Description of p5.js code and embed p5.js sketch in post

The p5.js sketch is responsible for everything visual. It uses several coordinated systems:

A. Webcam + Pixel Processing

Each frame is analyzed for, brightness, edges (using Sobel filter), and radial distance from center. This information determines where strokes should appear.

B. Flow Field

Edge gradients produce an angle for each region of the image. Brush strokes follow this angle, creating the illusion of form and direction.

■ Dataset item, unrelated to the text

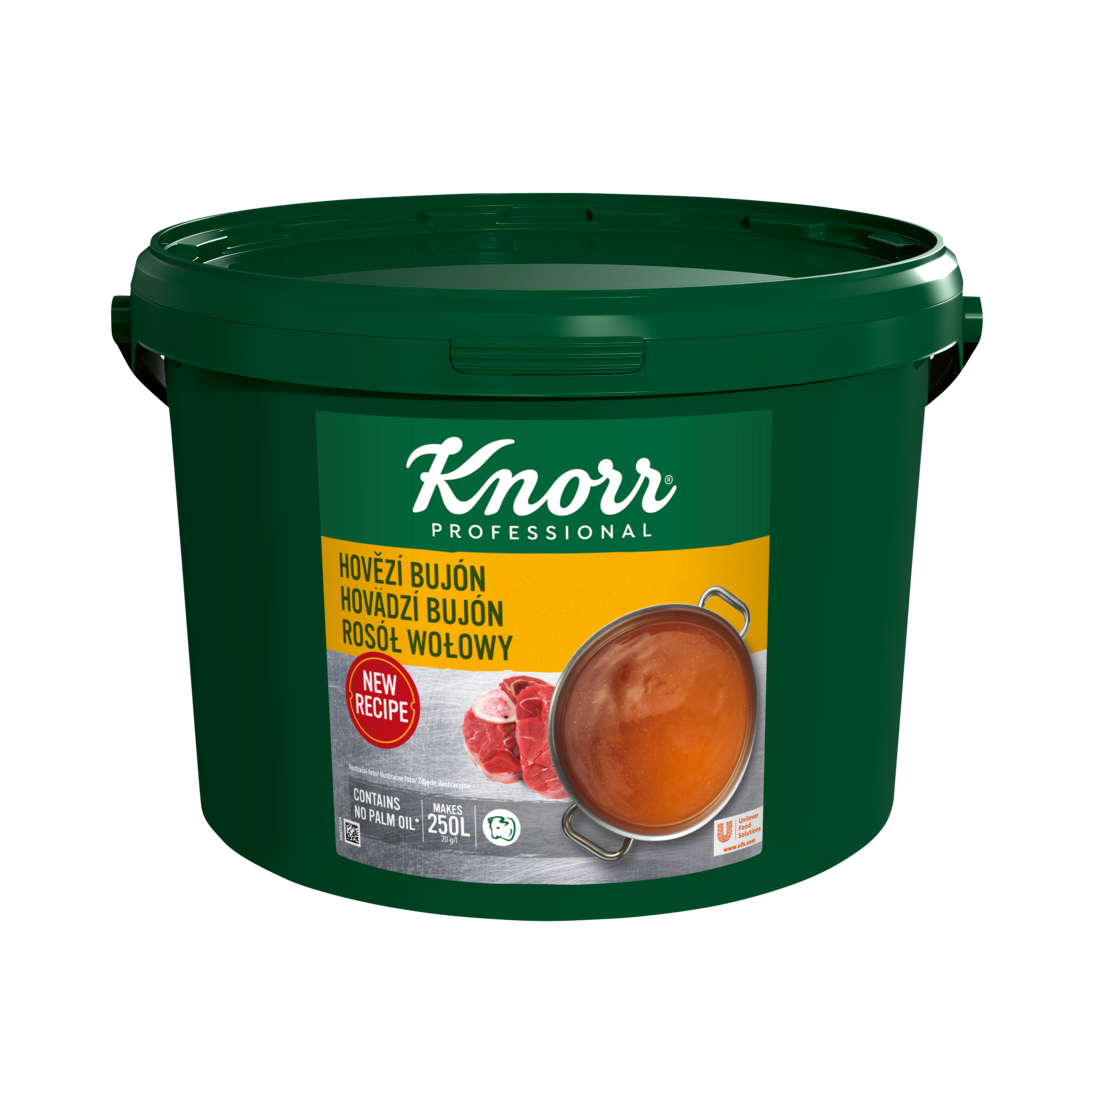 KNORR Professional Hovädzí bujón 5 kg - Knorr bujóny dodávajú chuť, farbu a správnu konzistenciu polievkam a jedlám.

C. Monet-Inspired Color Logic

I handcrafted three color transformation modes that reinterpret facial features differently depending on shadow, mid-tones, and highlights.

D. Stroke Drawing

Hundreds of tiny “tracers” travel across the video frame, leaving curved paths like brush strokes. Noise adds natural variation.

E. Arduino Controls

    1. Potentiometer adjusts scale
    2. Buttons switch color modes
    3. Button 4 triggers takePhoto()

Communication Between Arduino and p5.js

Communication relies on the Web Serial API, which allows a webpage to read from an Arduino.

What I’m proud of the most

What I’m most proud of is the generative painting engine. I wasn’t sure at first if I could combine live video input with a brush-stroke system that feels expressive instead of random, but the structure I ended up building feels genuinely satisfying. The way I compute brightness and gradient values from the webcam frame using a Sobel operator was a challenge, but finally writing:

let gx = (tr + 2 * cr + br) - (tl + 2 * cl + bl);
let gy = (bl + 2 * bm + br) - (tl + 2 * tm + tr);

and seeing the flow field come to life was one of the most rewarding moments of the whole project. That logic is what allows the brush strokes to “hug” the edges of a face, giving the portrait dimension and structure rather than just noise.

I’m also proud of the way the color transformation system turned out. I built three Monet-inspired palettes, but what makes them feel special is the conditional logic that adjusts them based on brightness, edge detail, and whether the region seems to belong to the “face” or the background. In the code, that meant writing a lot of nuanced rules, like:

if (bright < 120) {
  r = r * 0.8 - 10;
  g = g * 0.85 - 5;
  b = b * 1.35 + 40;
}

How this was made

Generative AI (ChatGPT) played a supportive but important role throughout the making of this project. I used it to debug unexpected behavior in my Arduino and JavaScript code, and understand algorithms like Sobel filters and flow fields in more depth. AI also helped me brainstorm interaction ideas and refine parts of the painting logic when I was unsure how to structure them. For the written documentation, AI assisted me in organizing my thoughts, expanding sections, and polishing the final narrative so that it would read clearly and cohesively.